I have a bigdata CSV file as a single table of five columns and almost 10 million rows

3

3

I need to examine the bigdata file with a database/DBMS and have used MS Office 365/Access successfully so to do, import and query. I have also tried, many times, to open a MMA 10.4 database link connection to examine the CSV file (and also the .accdb file resulting from success with Access) under Windows 7.

I never had any success using MMA and choosing either SQLite or HSQL engines. OpenSQLConnection[] gets me into and out of a multistep dialog OK. I seem to have achieved a connection, but it's never one that ever satisfies MMA. For example, SQLTableNames and SQLTableInformation (to list column headings) always fail to produce any correct answers.

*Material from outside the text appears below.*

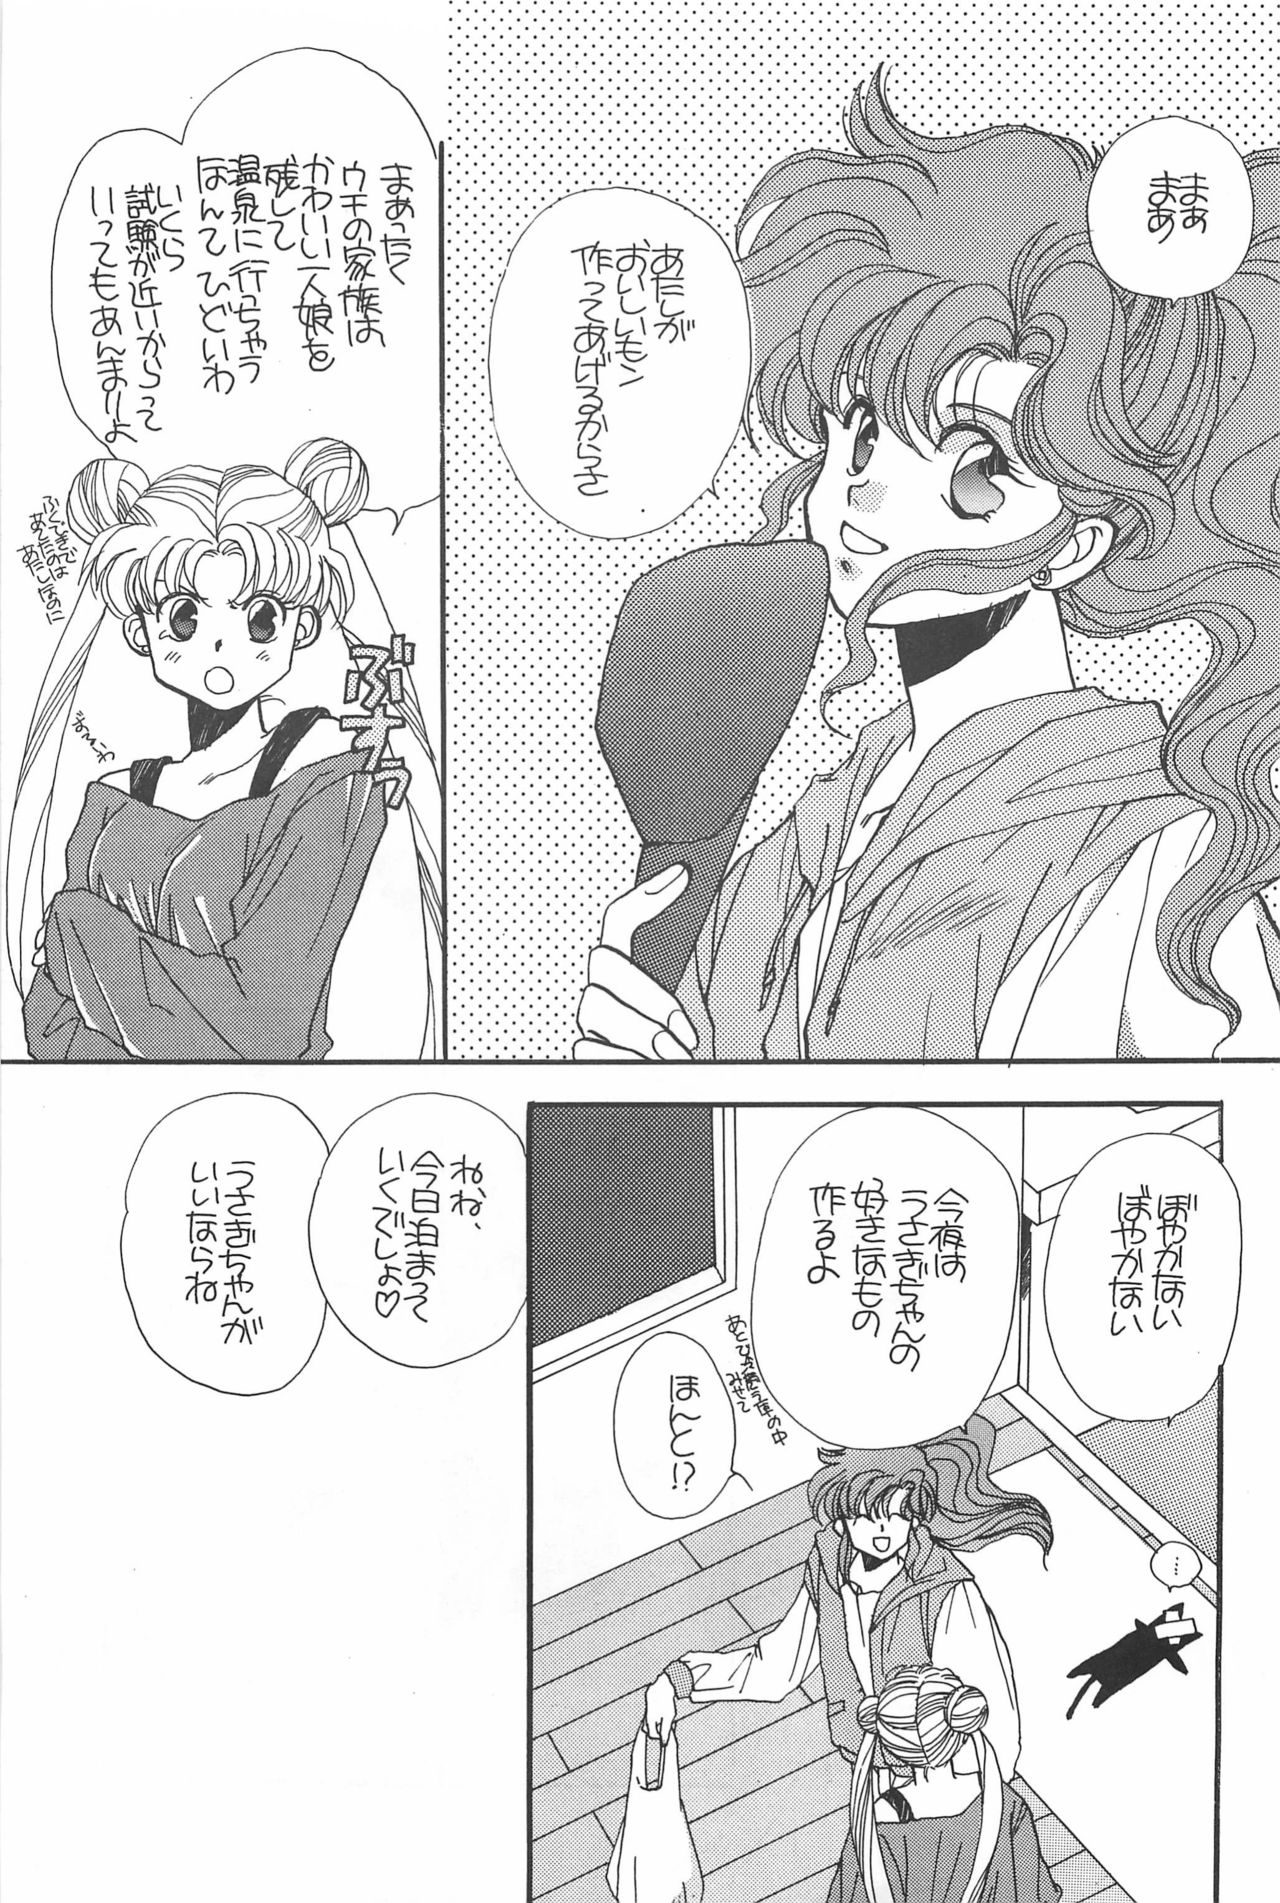 [Hello World (Muttri Moony)] Kaze no You ni Yume no You ni - Sailor Moon Collection (Sailor Moon) 152
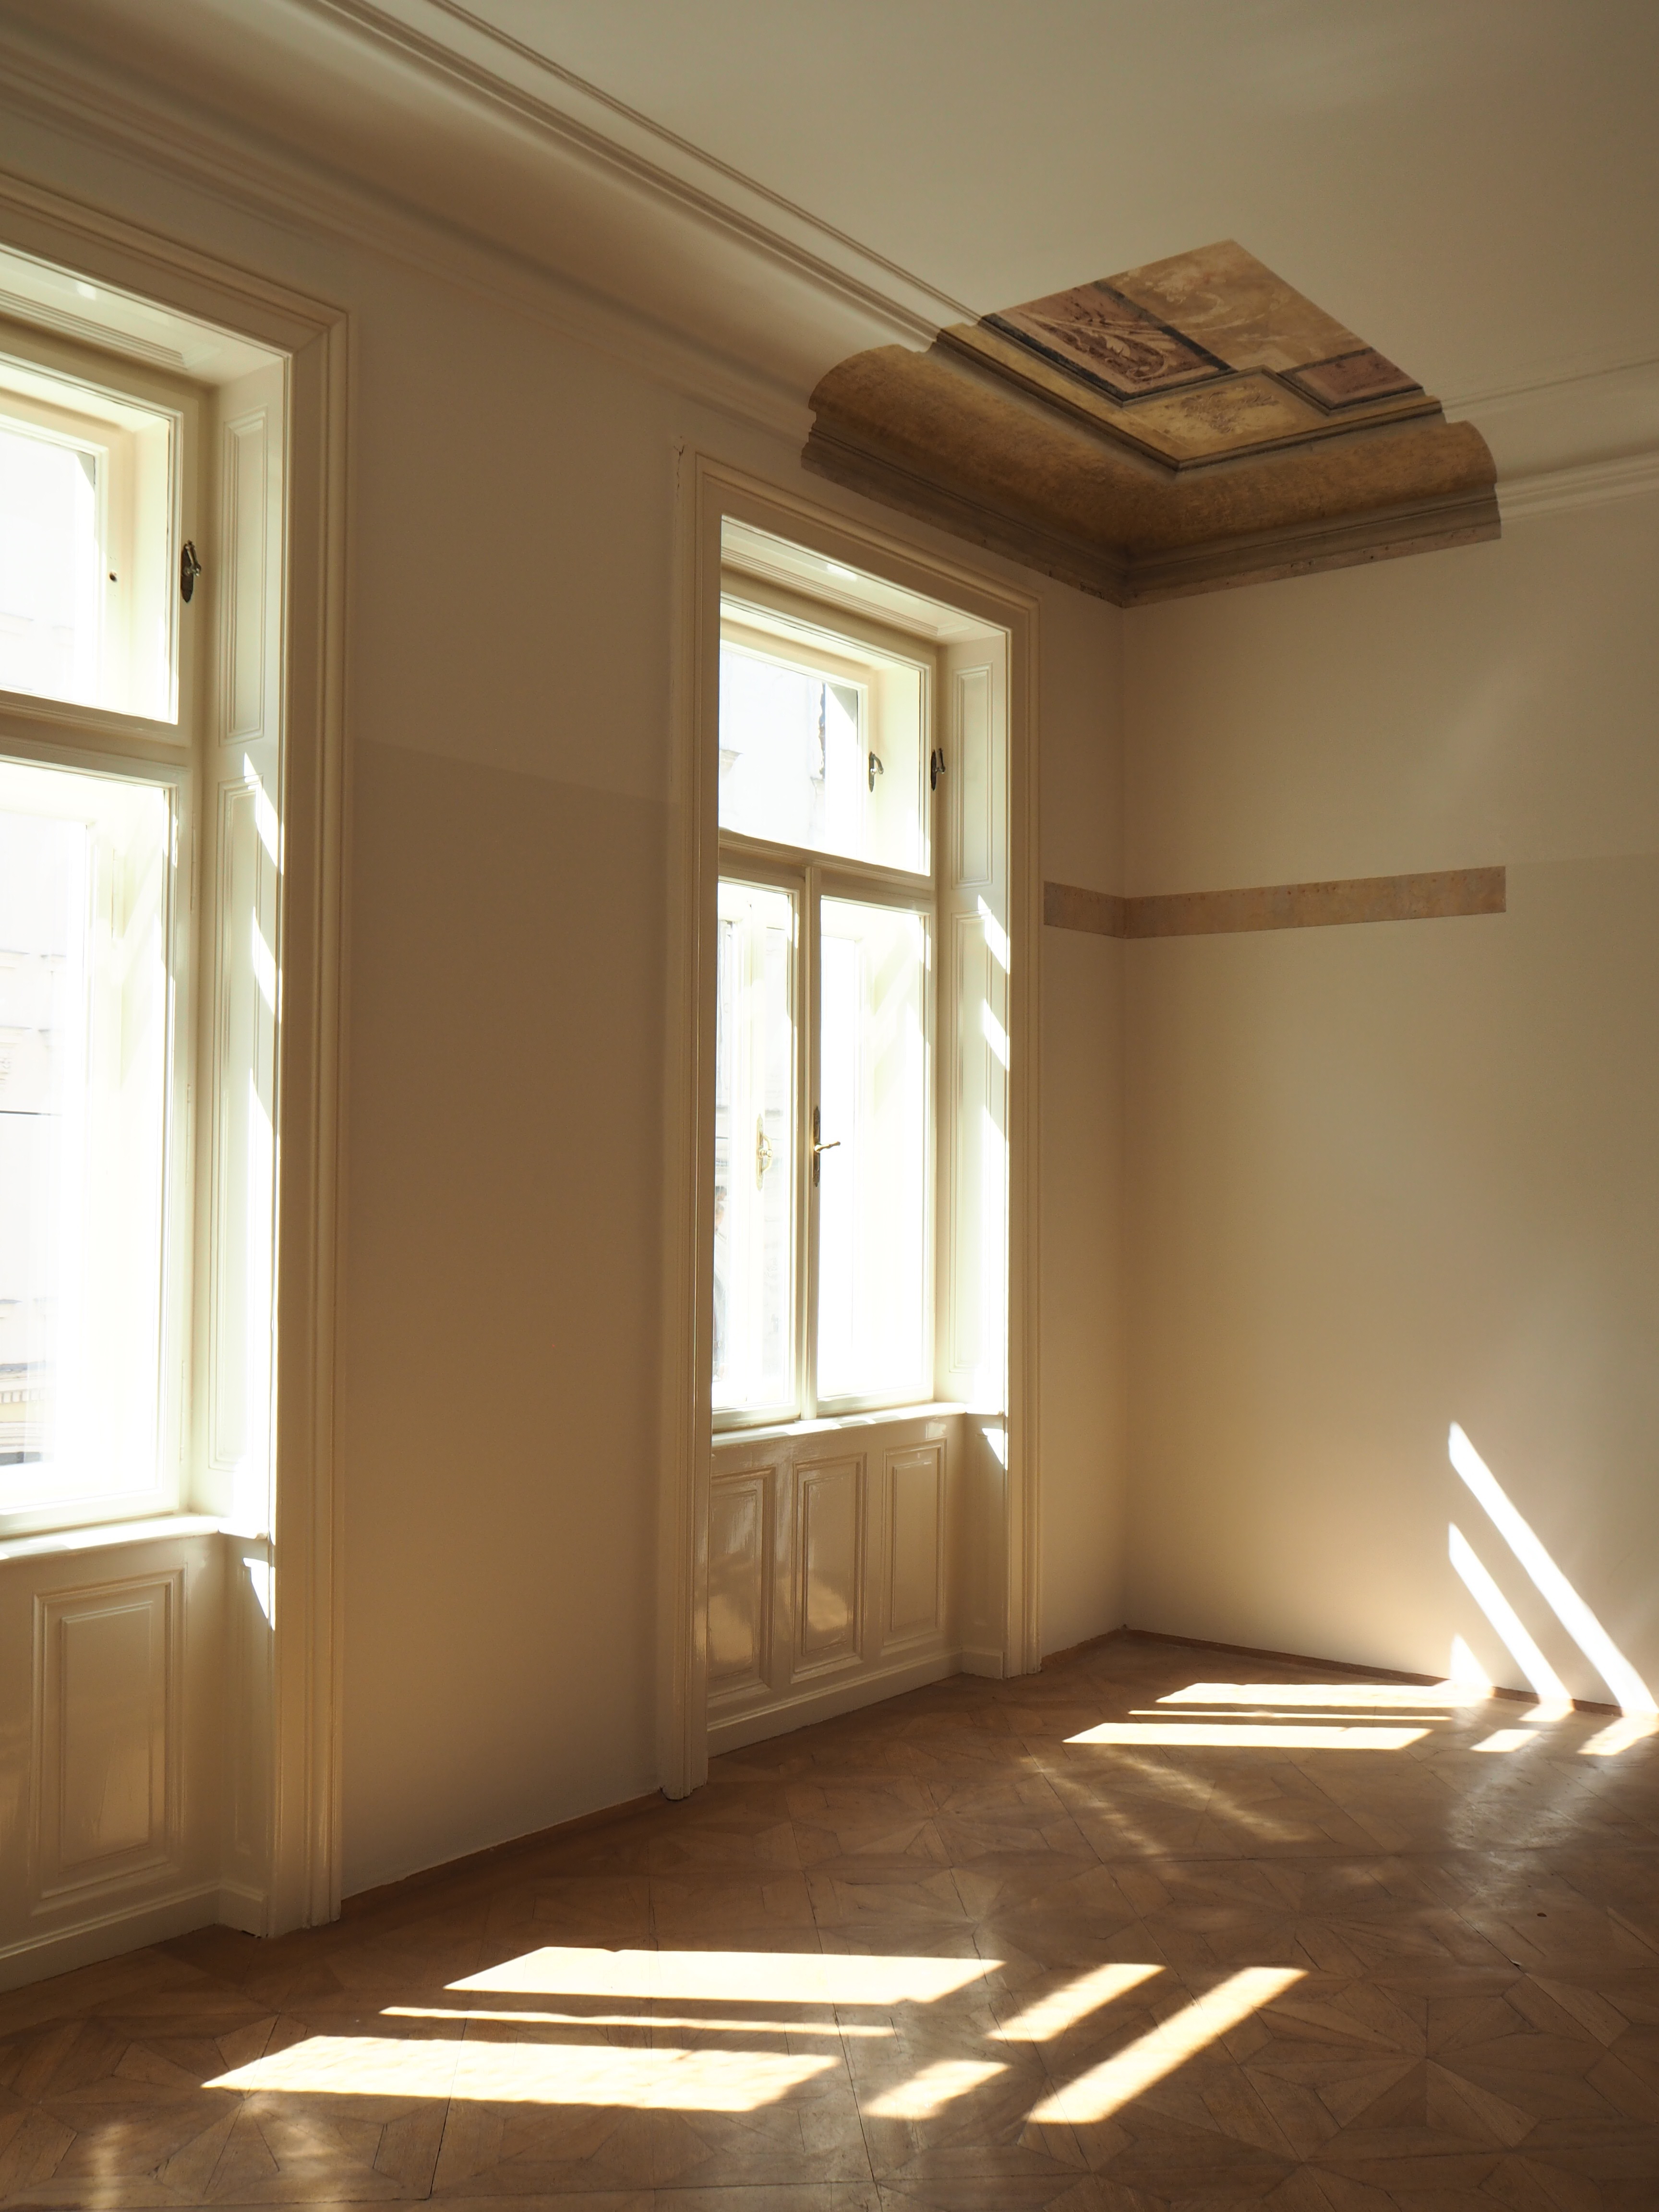 Részletfelvétel Anna Freud szobájában feltárt mennyezeti freskóval

Do I need to import then export the .CSV file in a format the MMA is happier with during the multi-step dialog? Some file format other than .csv or other than .accdb? Do I need to specify some properties or identify a "catalog" during the OpenSQLConnection[] dialog? TIA for a reply, Lew R

Per Bill, I scraped the header row and first five data rows of the database. See attached screen shot:

ShangraLa test table

Since the way to upload 'live' small .csv and .xlsl files is not obvious to me (maybe any file uploading is not welcome on this site), I will instead ponder how best to provide them. Maybe uploading the files to my website is the best answer.

Link to Google Drive's publicly shared folder containing 3 small files (2 csv, 1 xlsx) and short MMA notebook. Try downloading small test files and short ShangraLa.nb code for testing.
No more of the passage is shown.